I was such a rebel kid back then. Getting in trouble at school. There was lots of one-on-one support back then; it was safe, like a family. Because I’d never actually had a family. To have the workers there; they understood. They were just so supportive.

I want to become a social worker. I’m doing my cert 4 community services at TAFE; I’m working on assignments.

I was only about 10, so I was having nightmares and stuff; they’d make sure I was OK. When I left home I kept having flashbacks to what Mum would do. They actually created a booklet for me; it was so good. I remember clearly what it was. What would happen is they’d get me to write in the book – like the ‘who what why where how’ of the dream. And then the next morning I’d show them and they’d sit down with me and we’d discuss it. They Salvos were supportive and understanding; they were just there when no one else was. They helped you settle in, you’re shoved there and they make it a home.

I went to a foster family for a few years, for the first time. They tried to find a family for me. I did grade 12 while I was living with the Salvos, and I was working casually at Kmart. I’ve just started doing volunteering at a charity, and got accepted into a youth committee.

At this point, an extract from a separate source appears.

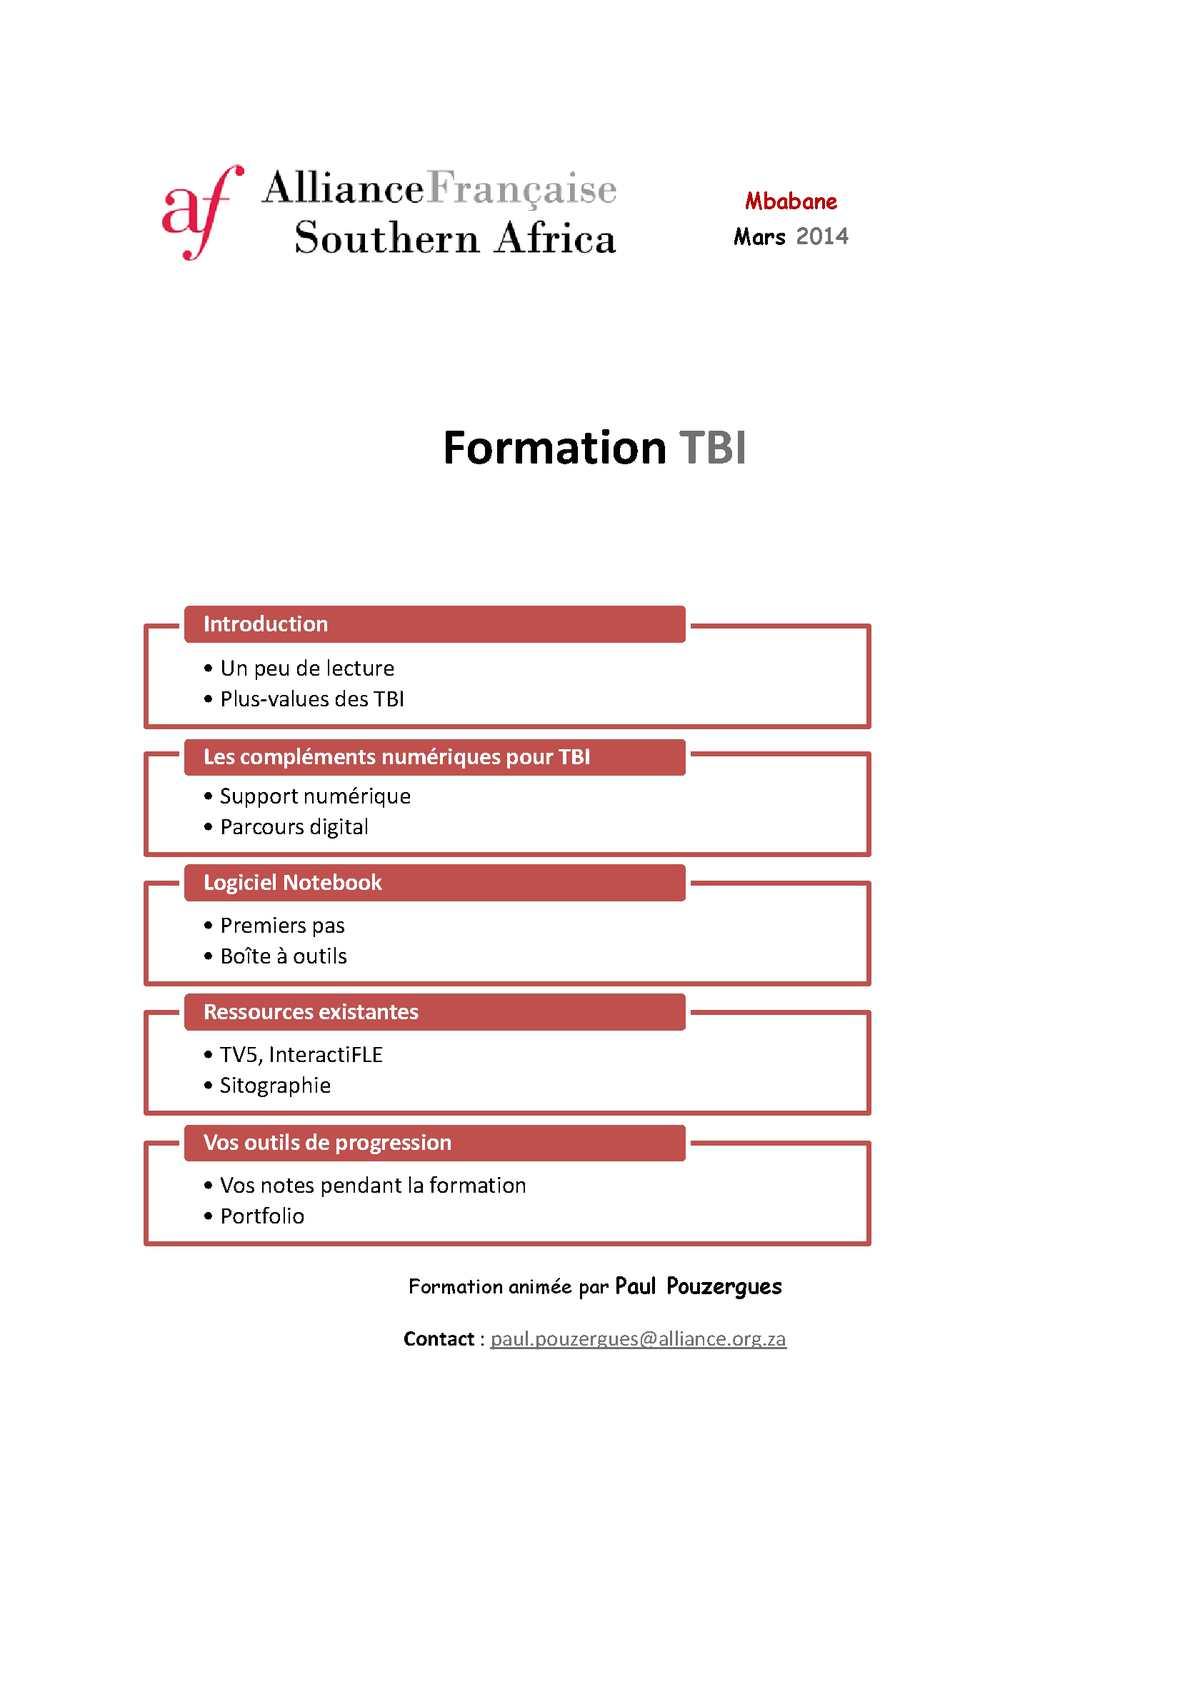 Formation TBI 2014

I graduated from year 12 last year. I don’t really get how I did it. It was like a huge relief for me. The Salvos supported me 100%. They’d come out and check on me and make sure I’m OK. It’s really good how they know what you’re going through. It’s good to have people who have got your back. I have my own little unit. And from 4 – 9, I go over on some of those nights and interact with the other people staying in the crisis units. They’ll have activities usually, not every single time.

On other nights I’ll be down in my unit having time to myself, learning to be independent and on my own. It breaks up the week a little bit having one night with everyone. They actually cook a meal for everyone that night. I normally cook for myself the other nights.

I actually see a psychologist and talk to her about stuff as well. She’s there on site. It’s good to have a therapist there all the time. I feel at home. But I am looking for a house of my own. When I was 10 it was really scary. If the Salvos hadn’t got involved when they did, back in those days, and even now – if I didn’t have them, I had no idea what was going to happen. Having them and the people there to support me…I wouldn’t be talking to you right now, pretty much. It would’ve been a totally different story.

I might not have done year 12. I’m the only one in my family who has done year 12 and been all the way through school. I’m the only one that’s done a TAFE course. The only one that’s got a job; two jobs at the same time. I’m just proving them all wrong. And that’s what everyone tells me, to prove them all wrong and that’s my aim.

Life is hugely different now. Even in myself. The way I think and the way I go about things is completely different. I used to think that leaving home was the worst thing I could’ve done. But I can see now it was so worth it. It’s all because people have had my back. And have backed me up. I like to reflect on where I’ve been. I’m shocked myself on where I’ve come to. I used to think people out there didn’t really care; they were just doing their job for money. But they actually do care about people; they help because they love their job. They do it for a reason. They see potential in every single kid…even the worst of the worst.

I want young kids to understand that, yes, there are hard times, and times you feel like no one is there to support you. But there is. I would say to other young people: don’t give up. There is help. You aren’t alone. I’d also say, push yourself. You might find something hard at first, like applying for a house. I learnt that living on your own isn’t that bad. I think being pushed out of your comfort zone is good. It’ll be worth it in the long run; it pays off.